An important baseline for prosumer and above spatial computing content and use to be pursued, produced, and catered for.

Mainstream/low-end standalone headsets have yet to be executed to that extent; for example the Quest headsets are not at all on par with current gen and past gen gaming/mainstream hardware—they don’t even have HDR and worser picture quality than a conventional 4K HDR TV!

That minimizes the appeal of playing non-spatial games in it accordingly.

The games such headsets run are constrained by their mobile-level APUs and are more akin to mobile and switch games compared to conventional home/PC games many gamers want to play if they’re gonna pay hundreds more or as much as a home console for the hardware.

Apple has moved things forward for the prosumer spatial computing segment in ways no other company has been able to do so far including establishing the supply chain innovations and growth towards better prosumer and mid-tier devices moving forward.

Apple has executed better in the prosumer segment of the market than mainstream and low-end headset manufacturers have.

The Vision Pro like several prosumer Apple products is not a mass market item. The complexity of the hardware itself does not lend itself to be.

How many times can you say “prosumer” in a post?
 
…Headsets are distinct and complimentary to glasses no different than laptops vs desktops. Many can justify and will have both (or benefit from both).

For portability, practicality, and versatility, spatial computing glasses makes more sense and will be sufficient for most just like laptops vs desktops.

Headsets like desktops have the form factor headroom for the most advanced, premium, and immersive spatial computing that will consistently exceed what the glasses form factor is capable of.
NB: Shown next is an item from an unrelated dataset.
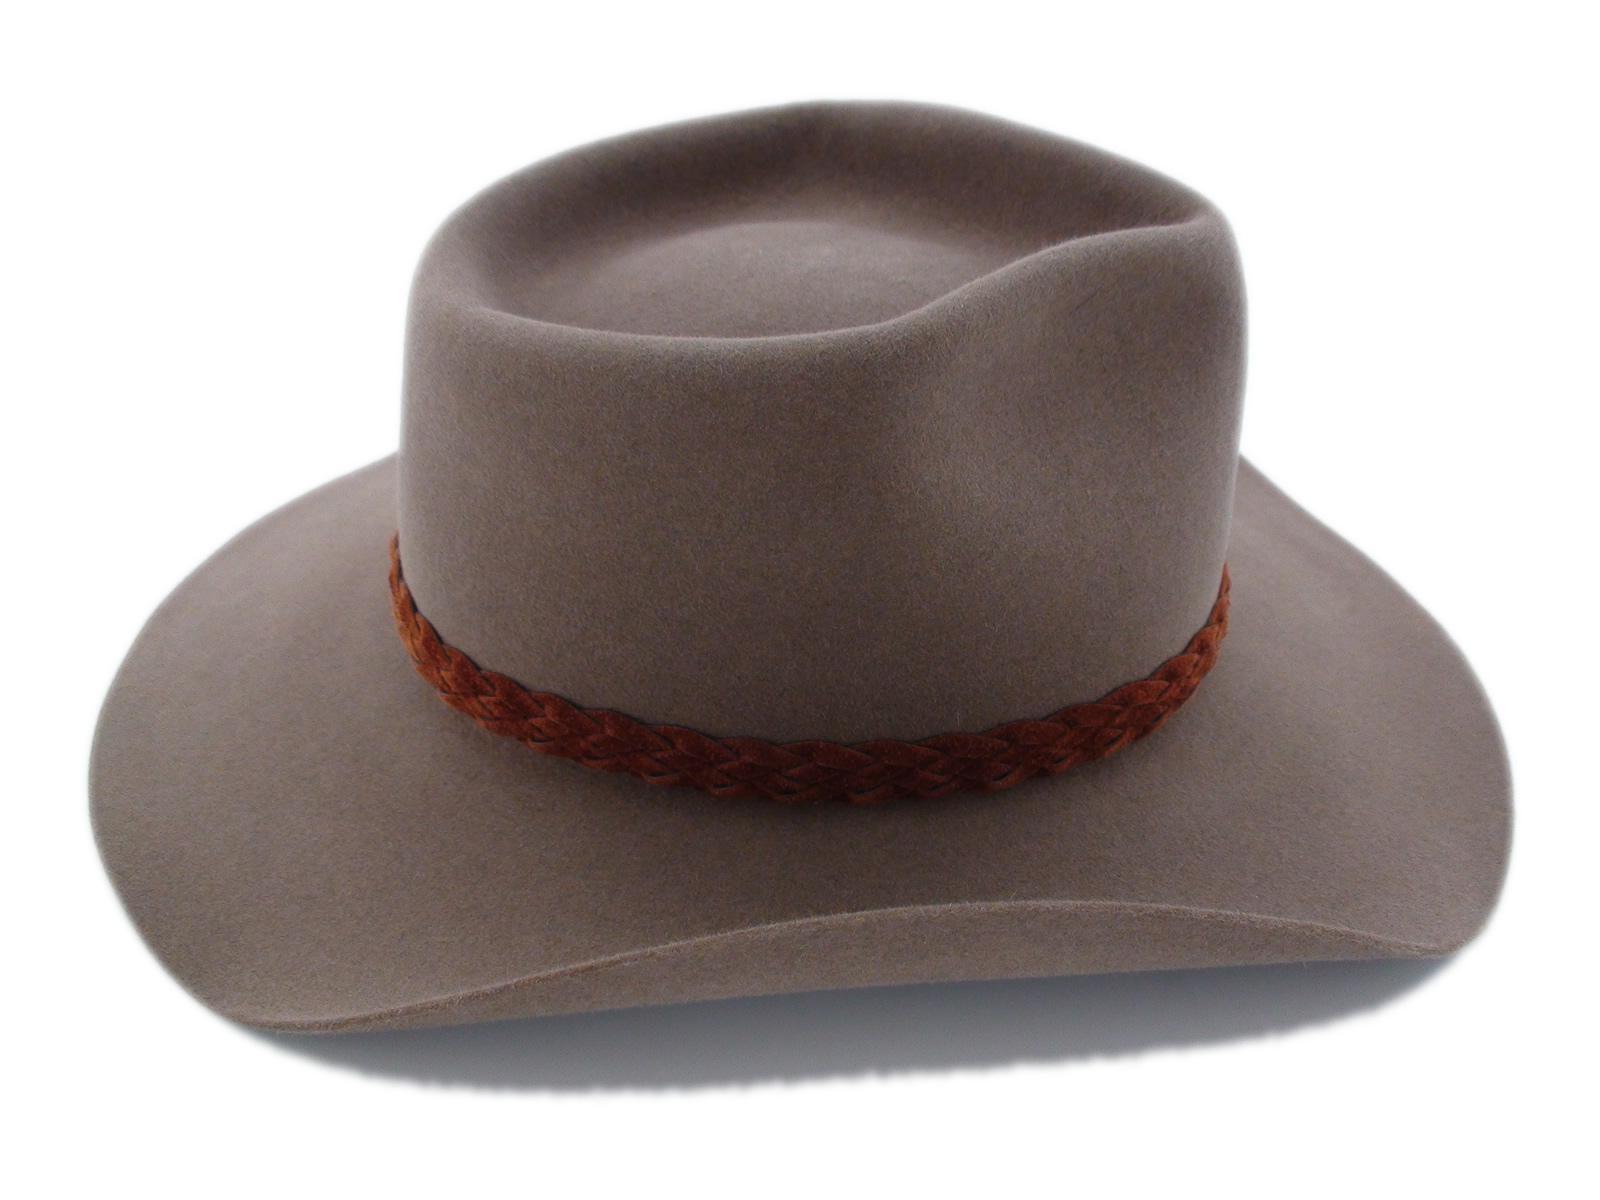 99a6d778 Western Hats For Sale Australia - Parchment'N'Lead

Like high-end laptops vs desktops, spatial computing glasses that attempt to match the horsepower of headsets will cost more.

The Vision Pro equivalent in glasses form factor would cost thousands more.
Good points, but I think Apple won't be making a true Vision Pro equivalent in a glasses form factor, since as you point out that might cost a lot more than the Vision Pro itself (not to mention that for "full immersion" you need the face gasket to block outside light). My hunch is that Apple's smart glasses will have a subset of the Vision Pro's features, pared down enough to bring its price significantly below that of the Vision Pro. The $10,000 price for Meta’s Project Orion glasses is the prototype development cost per pair for the approximately 1,000 of them that they've made, but Meta's projected price for the production model is closer to $700-$1200.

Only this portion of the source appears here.